• _Work required_: Restate word for word the lines of the entries below, starting with the line that holds "Как продать землю" and ending with the line that holds "トミカリミテッドヴィンテージ ネオ『LV-N192c マツダ", and no others.
─── Supplied data ───
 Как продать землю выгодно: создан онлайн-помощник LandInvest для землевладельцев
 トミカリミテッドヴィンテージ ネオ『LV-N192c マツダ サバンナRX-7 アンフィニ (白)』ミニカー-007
───
─── Supplied data ───
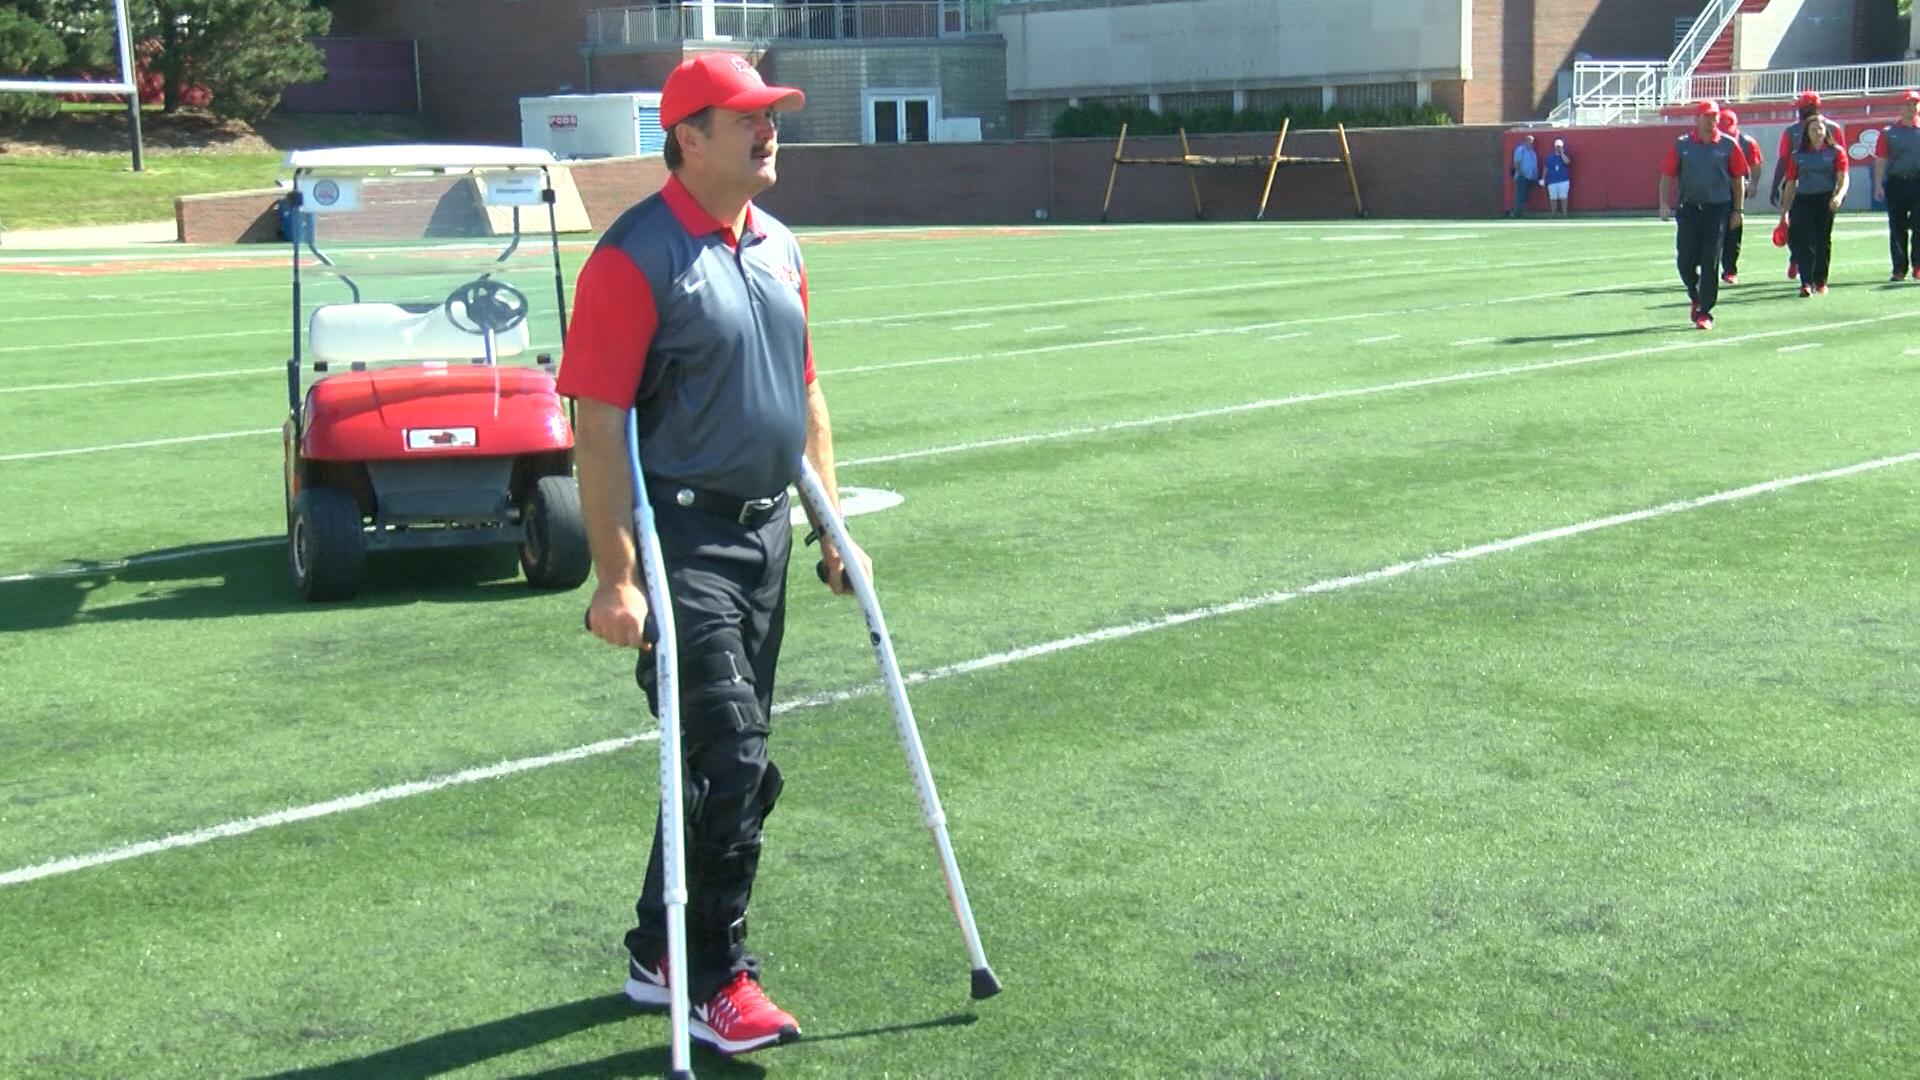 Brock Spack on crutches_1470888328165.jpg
───
• _Task output_:
 Как продать землю выгодно: создан онлайн-помощник LandInvest для землевладельцев
 トミカリミテッドヴィンテージ ネオ『LV-N192c マツダ サバンナRX-7 アンフィニ (白)』ミニカー-007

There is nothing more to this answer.